» Work order:
Write the data out again exactly, with no pictures.

» Provided data:
------------------------------

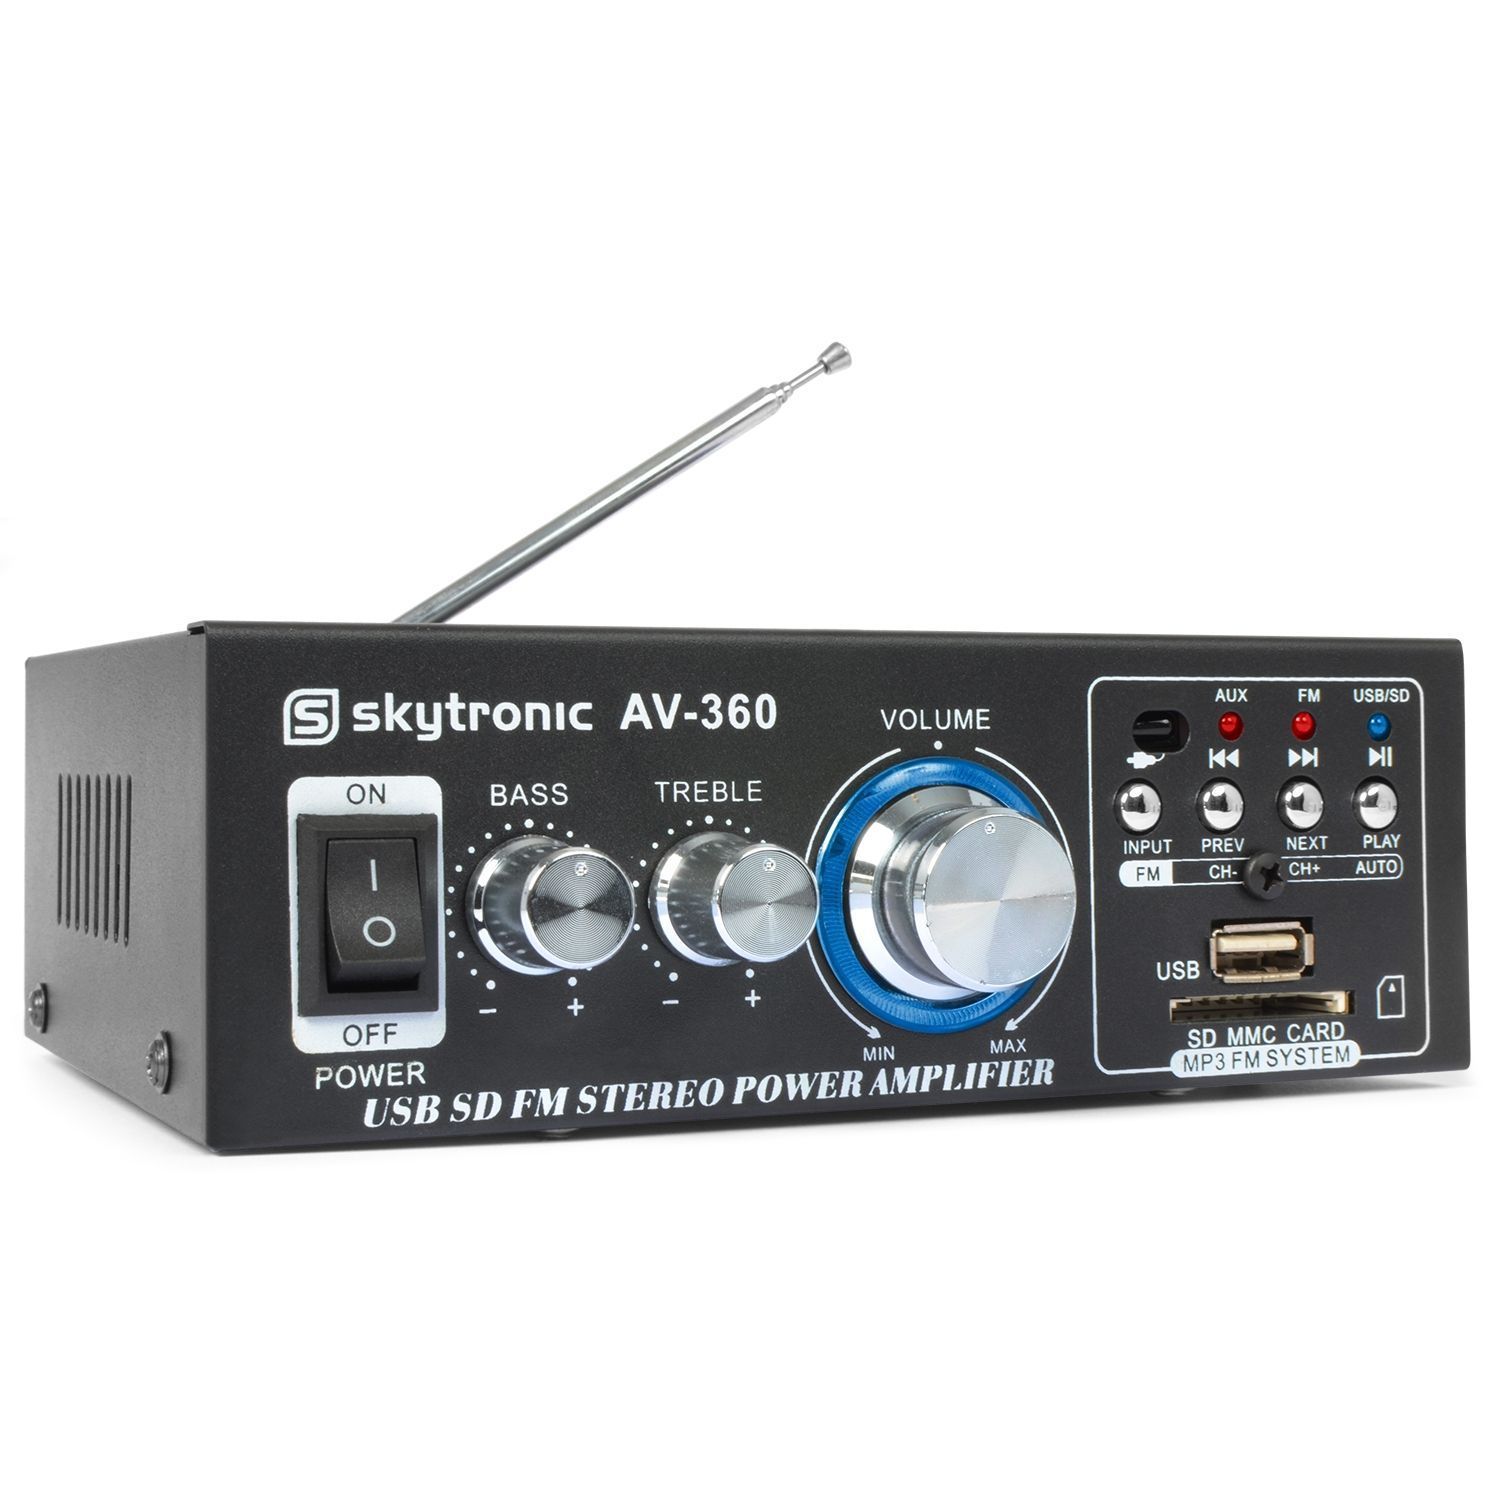 Moment opstelling 鍔 SkyTronic AV-360 stereo versterker met mp3 speler en afstandsbediening  kopen?
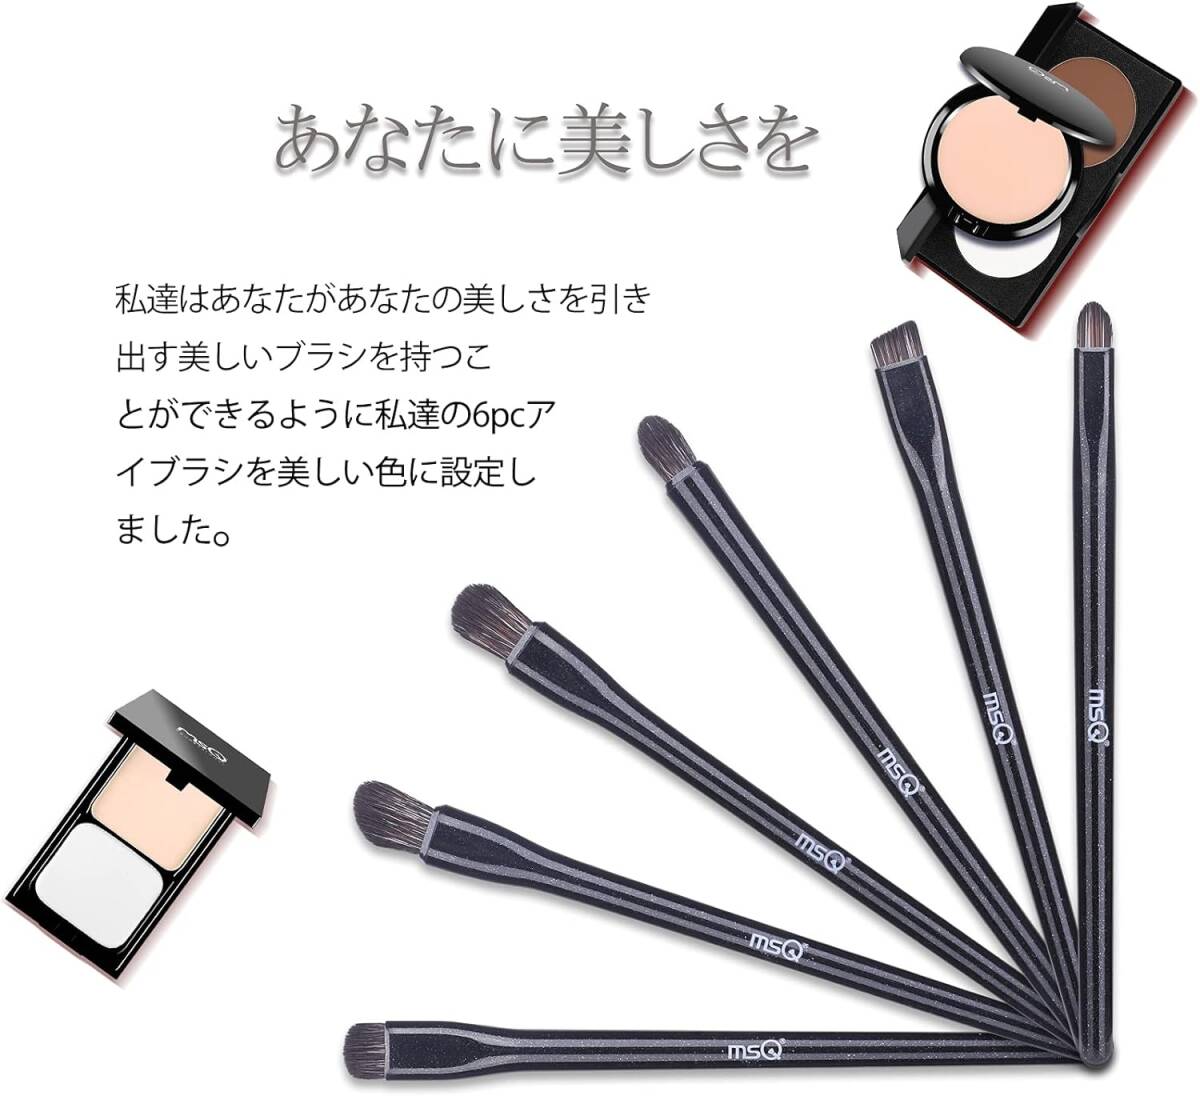 アイシャドウ ブラシ 6本 メイク 筆 高級繊維毛 超柔らかい 日常の化粧 携帯便利 敏感肌適用 (ブラック)の画像4
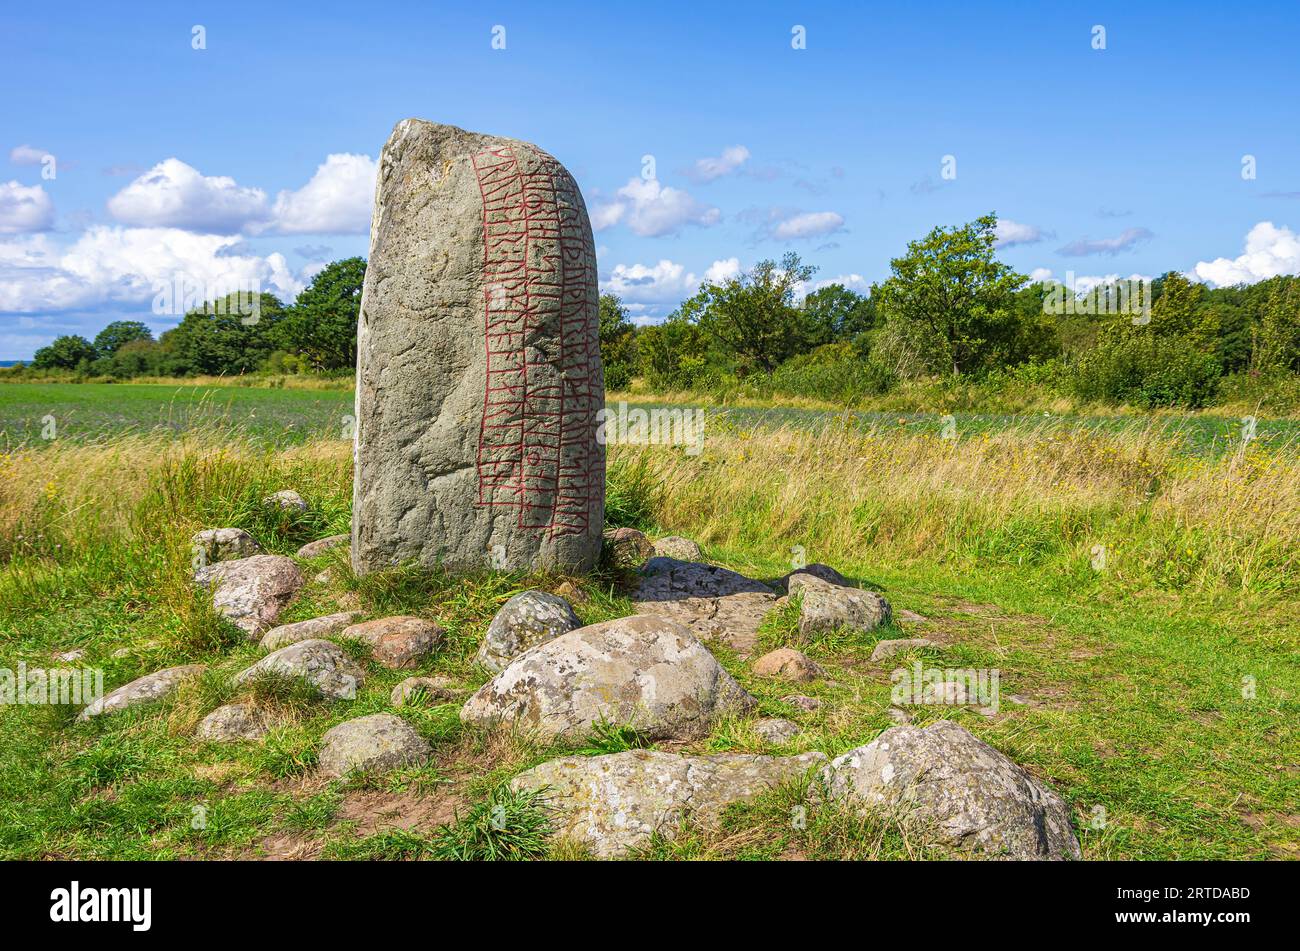 Der alte Karlevi-Runenstein, auch Karlevi-Stein genannt, liegt außerhalb des Dorfes Färjestaden, Öland Island, Kalmar County, Schweden. Stockfoto

------------------------------

» Expected output:
 Moment opstelling 鍔 SkyTronic AV-360 stereo versterker met mp3 speler en afstandsbediening  kopen?
 アイシャドウ ブラシ 6本 メイク 筆 高級繊維毛 超柔らかい 日常の化粧 携帯便利 敏感肌適用 (ブラック)の画像4
 Der alte Karlevi-Runenstein, auch Karlevi-Stein genannt, liegt außerhalb des Dorfes Färjestaden, Öland Island, Kalmar County, Schweden. Stockfoto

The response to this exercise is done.